Die Beverhalle soll 2022 für 380 000 Euro umgebaut werden. Dadurch sollen größere Foto: Karl-Heinz Kock

Hatte der Bildungs- und Generationenausschuss die Entscheidung über eine Erweiterung der Beverhalle zur Veranstaltungsstätte noch vertagt, waren die Meinungen im Haupt- und Finanzausschuss eindeutig.

Doch von vorne: Zunächst hatte die Fraktion der Grünen beantragt, den Umbau der Halle aufgrund der hohen Kosten – 380.000 Euro sind kalkuliert – nicht weiter zu verfolgen. Gleiches forderten die Mitglieder der SPD. Die Aula der Josef-Annegarn-Schule sei als Versammlungsstätte ausreichend, so die Ansicht der Sozialdemokraten. Die Mittel für die Beverhalle sollten zwar nicht grundsätzlich gestrichen werden, so die Ansicht der FDP. Aber zum jetzigen Zeitpunkt zurückgestellt und nicht im Haushalt 2022 eingeplant werden, so die Liberalen weiter.

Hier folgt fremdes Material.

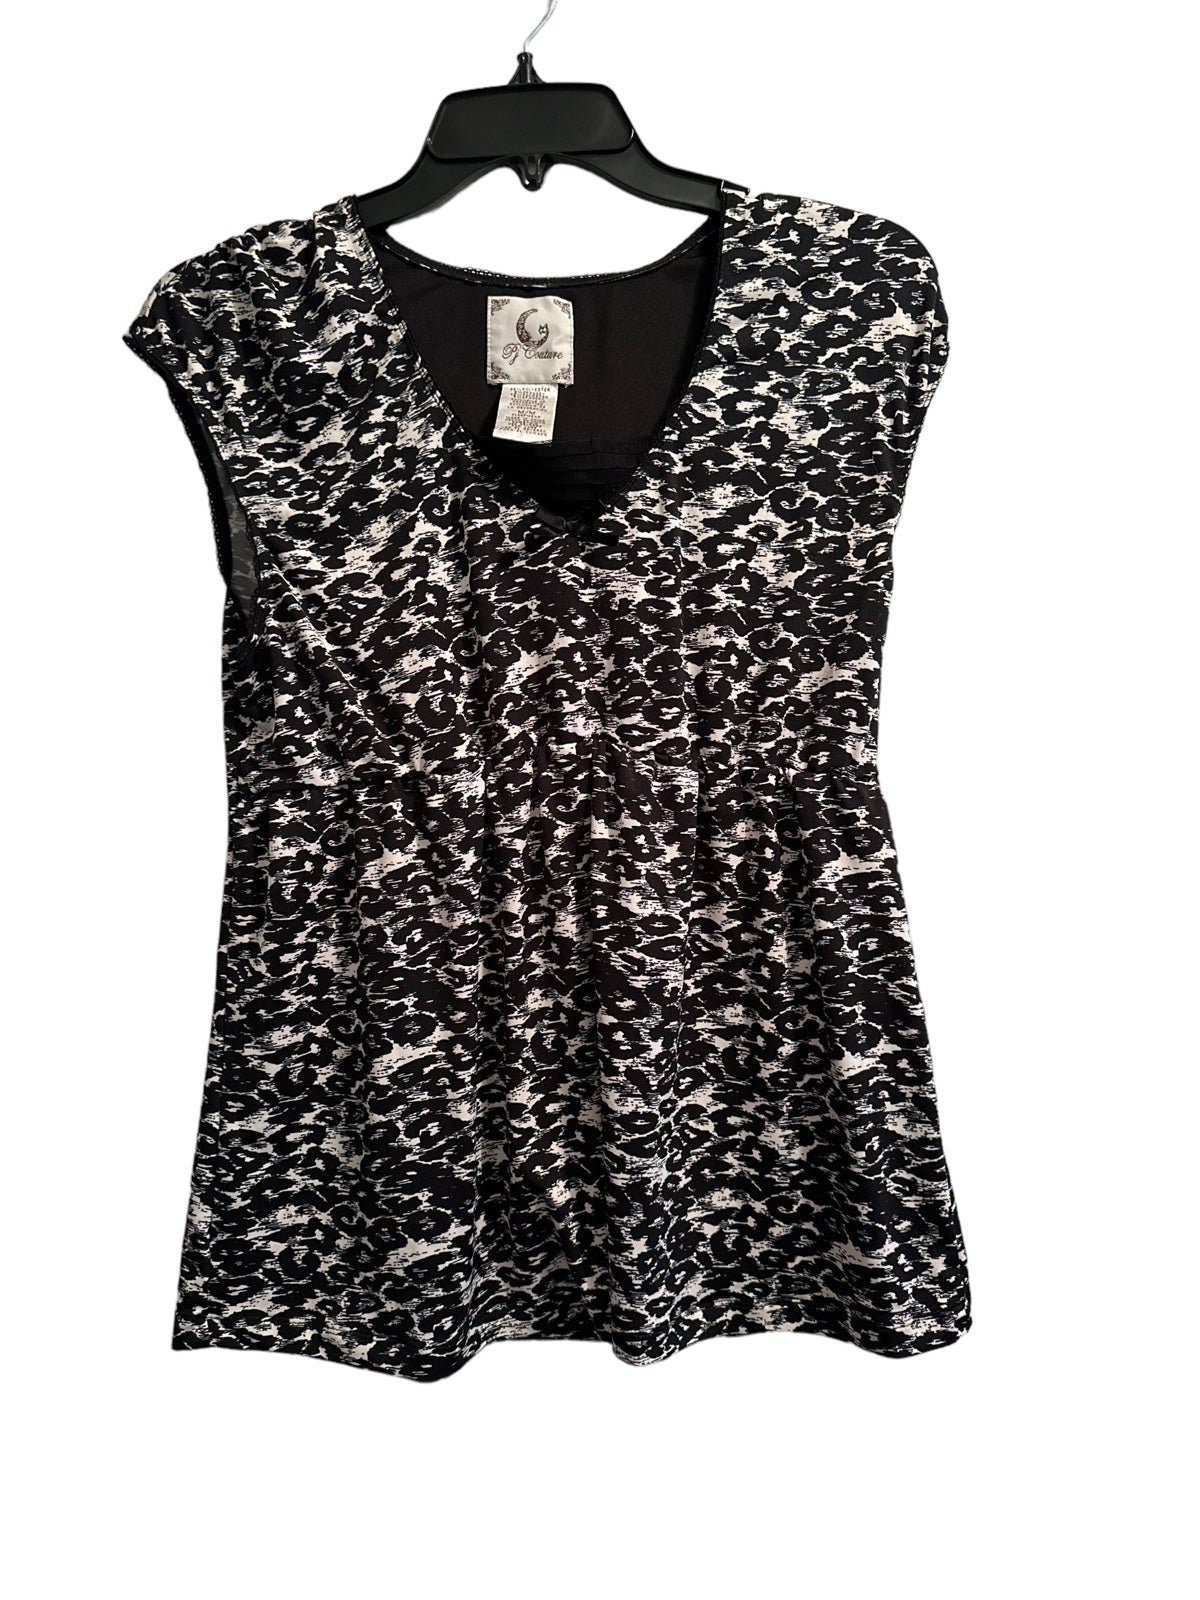 PJ Couture Women’s Short Sleeve Summer Top, Black & White, Medium CPru6ybBO

In der Sitzung selbst wandelte sich das Meinungsbild deutlich. Alle drei Fraktionen zogen ihre Anträge zurück. Das Geld für die Ertüchtigung der Beverhalle bleibt im Haushalt. Denn: Es geht bei dem Umbau nicht nur darum Großveranstaltungen der Gemeinde durchführen zu können, sondern in erster Linie um den Sport. Auch in diesem Bereich stößt man mit der Halle immer wieder an Kapazitätsgrenzen. „Es ist unsere Verantwortung, die Nutzer zu schützen und die Halle überhaupt nutzbar zu machen“, sagte Wolfgang Weglage (CDU) mit Blick auf die Brandschutzmaßnahmen, die im Zuge der Umbaumaßnahmen erfolgen müssen. Schon im BGSA hatte sich die CDU für den Umbau der Halle ausgesprochen

Nur für Großveranstaltungen sei der Umbau nicht notwendig, sagte Dr. Meinrad Aichner (FDP). Da gebe es ausreichend Kapazitäten. „Das Hauptaugenmerk muss auf dem Sport liegen“, sagte er. Das sah auch Ulrich Lunkebein (Grüne) so, fügte aber schmunzelnd hinzu: „Wenn dabei dann rauskommt, dass nebenbei dort ein Neujahrsempfang stattfinden kann...“.